- Born: Vera Aleksandrovna Alvang April 4, 1890 Saint Petersburg, Russian Empire (present-day Russia)
- Died: June 24, 1992 (aged 102) Moscow, Russia
- Occupation: Rhythmitician

= Vera Griner =

Russia-born Soviet rhythmitician

Vera Aleksandrovna Griner (Note: Вера Александровна Гринер) ((Note: Альванг) 5 April 1890 – 24 June 1992) was a Russian Empire-born Soviet rhythmitician.

Griner was born in Saint Petersburg. Her father, Alexander Alvang, was a well-known barrister. Since 1908 the Alvang family had been living in Munich. It was here that Alvang became acquainted with Rhythmics. In 1911 she came to Dresden, where she took lessons from Dalcroze, and attended the newly founded Hellerau Institute. In 1912 Alvang, together with several pupils of Dalcroze came to St. Petersburg to train to be a teacher with courses set by Prince Serge Wolkonsky. After a year she was a teacher and a student of Hellerau, and in May 1913 she graduated from the Institute and returned to St. Petersburg to commence teaching, which she continued to do until 1970.

Alongside the courses, she gave lectures to audiences in St. Petersburg. In her archives there is a list of places where she worked detailing more than 30 organizations. In 1914 after the outbreak of the First World War, the courses were closed. The foreign teachers left the Russian Empire, and Alvang went to Moscow. At this time she married Emmanuel Griner. In Moscow she began her work at the School of Alexandrova, and following this she went to the Rhythmic Institute which was established in July 1919. It was directed by Nina Alexandrova, and Griner, together with many people familiar to her from the previous period, such as Prince Wolkonsky, got the teacher.
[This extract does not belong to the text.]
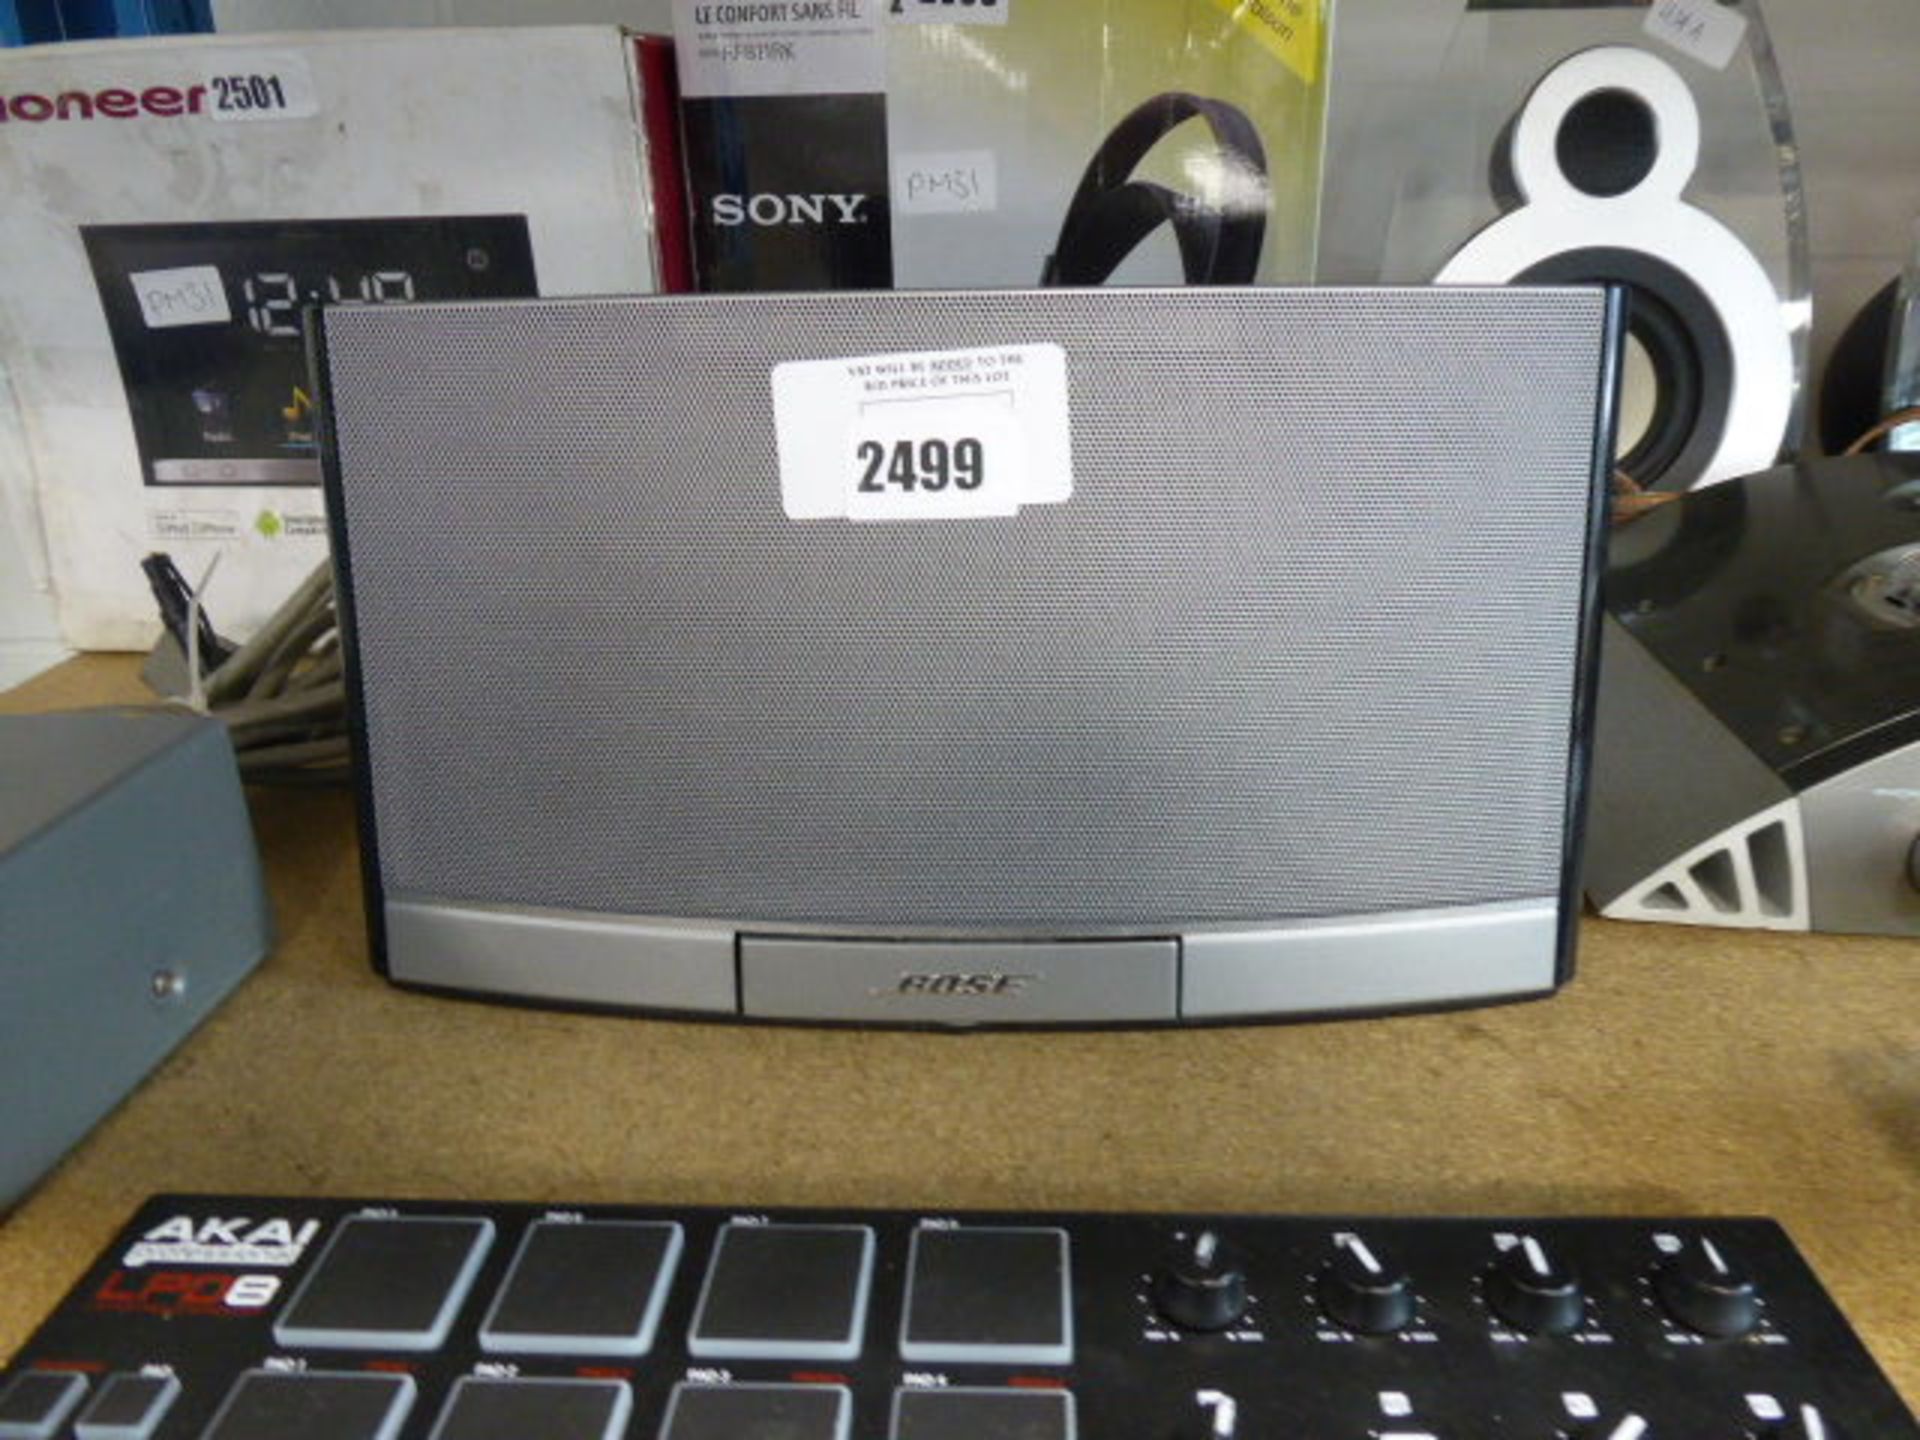 2593 Bose sound dock portable digital music system with no power supply
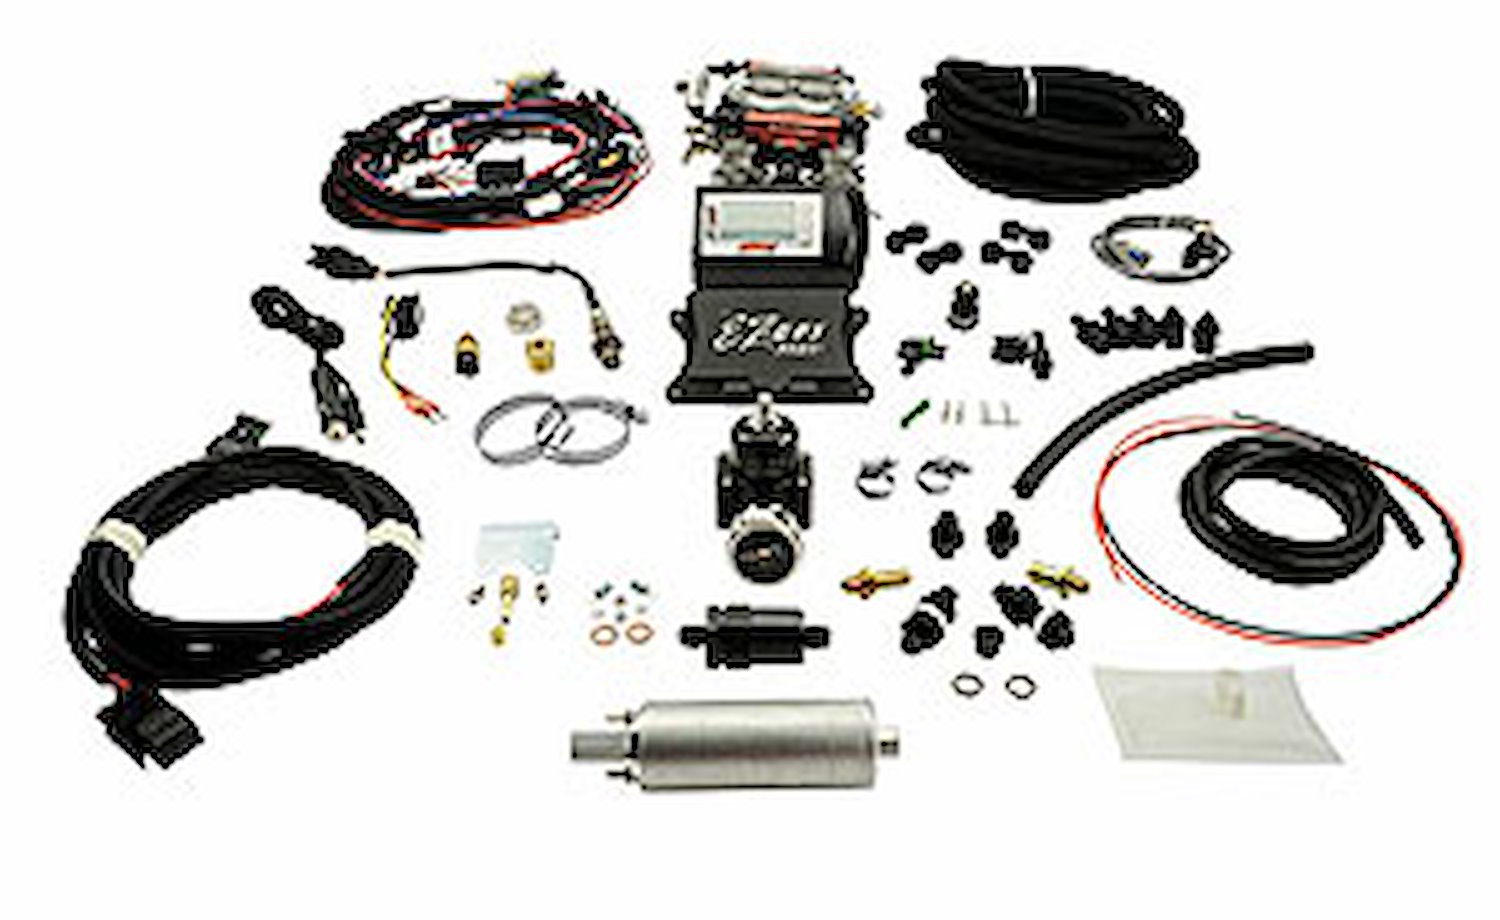 EZ-EFI Self-Tuning Fuel Injection Master Kit Includes: Throttle Body

After the Institute's closure, Griner worked at several organizations. Schukin Theatrical School was the most notable of these; she began there in 1939.

In 1991, Fédération internationale des enseignants de rythmique gave her the Honoured Member of this Federation. Griner died in Moscow.

==Selected publications==
- C.Bommeli, Vera Griner - Le Rythme, Geneve, bull.8-9, 1990–1991, p. 24-25
- Vera Griner, ‘A Year at the Émile Jaques-Dalcroze Institute in Hellerau, 1911–1912’, F.I.E.R. Bulletin 1 (1981): 4–7, p. 5
- Гринер, В., & Трофимова, М. (1996). Ритмика Далькроза и свободный танец в России 20-х годов. Мнемозина. Документы и факты из истории русского театра XX века/ред.-сост. ВВ Иванов. М.: ГИТИС, 124-148.